[Data for this exercise]

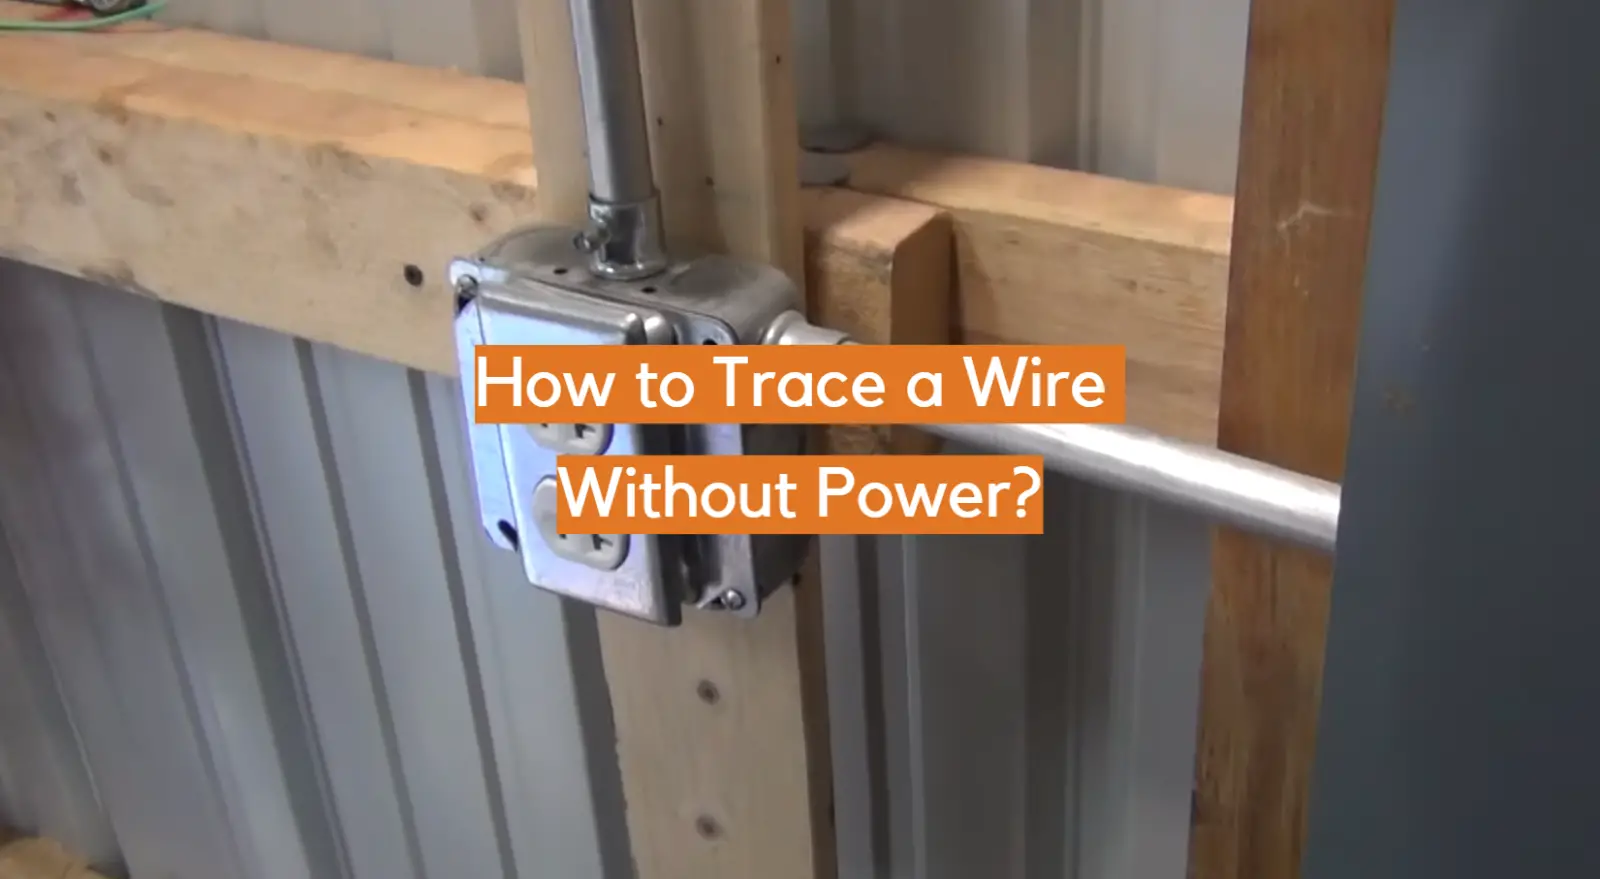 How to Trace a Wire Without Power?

[/Data for this exercise]
[Data for this exercise]

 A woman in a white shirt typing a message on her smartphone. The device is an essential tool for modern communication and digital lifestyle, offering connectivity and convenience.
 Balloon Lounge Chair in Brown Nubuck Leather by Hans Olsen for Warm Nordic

[/Data for this exercise]
[Data for this exercise]

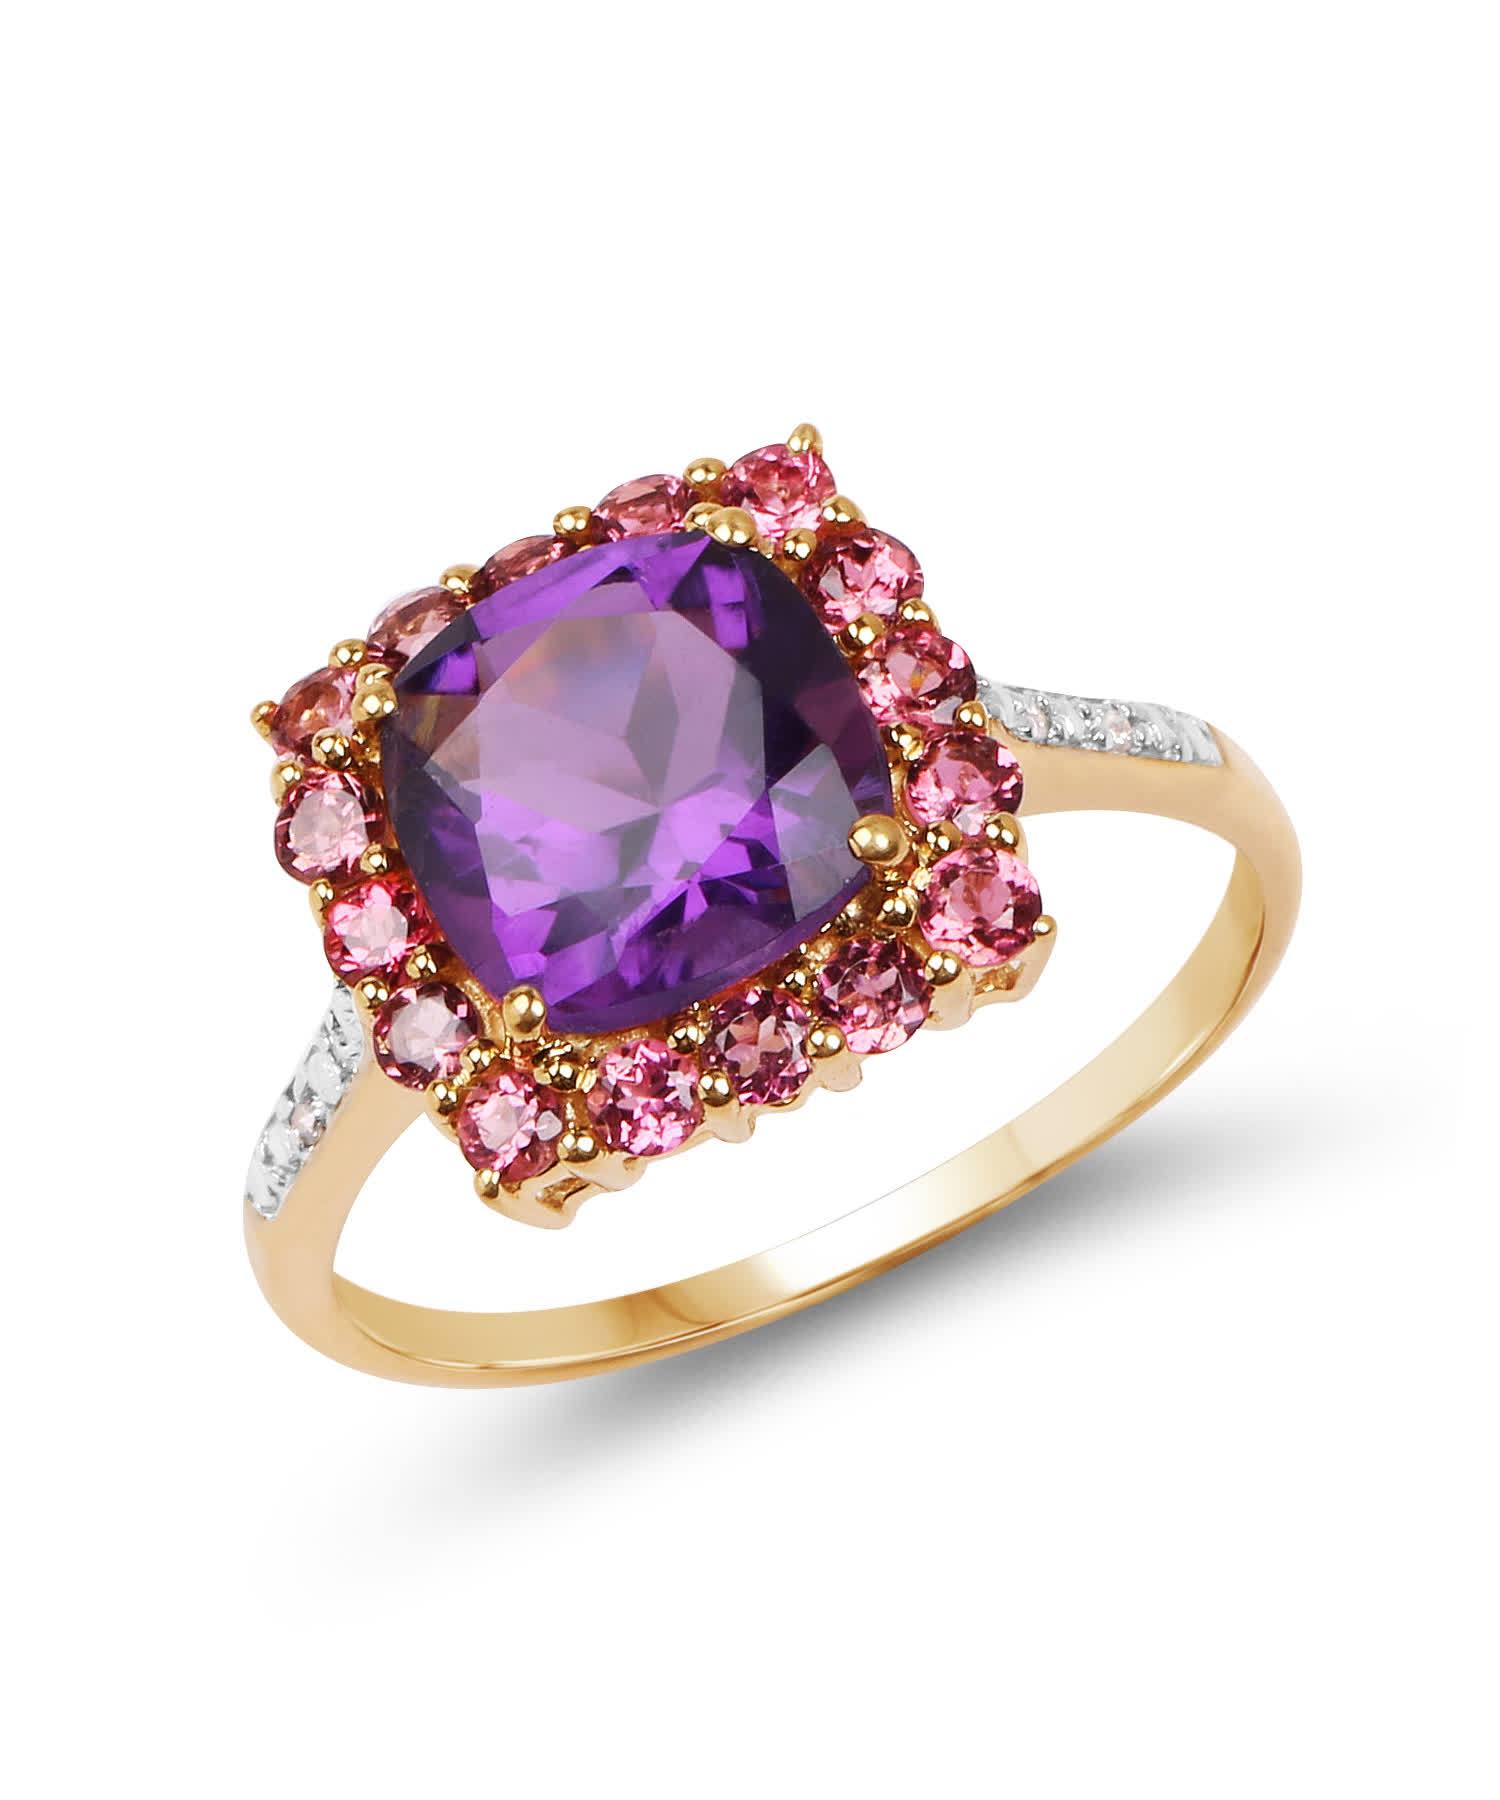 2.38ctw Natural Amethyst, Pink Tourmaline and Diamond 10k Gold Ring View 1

[/Data for this exercise]

What to produce – Here the job is to set down exactly the lines of the material above that fall between the one with "A woman in a" and the one with "Balloon Lounge Chair", inclusive, and nothing beyond them.

Answer to the exercise –
 A woman in a white shirt typing a message on her smartphone. The device is an essential tool for modern communication and digital lifestyle, offering connectivity and convenience.
 Balloon Lounge Chair in Brown Nubuck Leather by Hans Olsen for Warm Nordic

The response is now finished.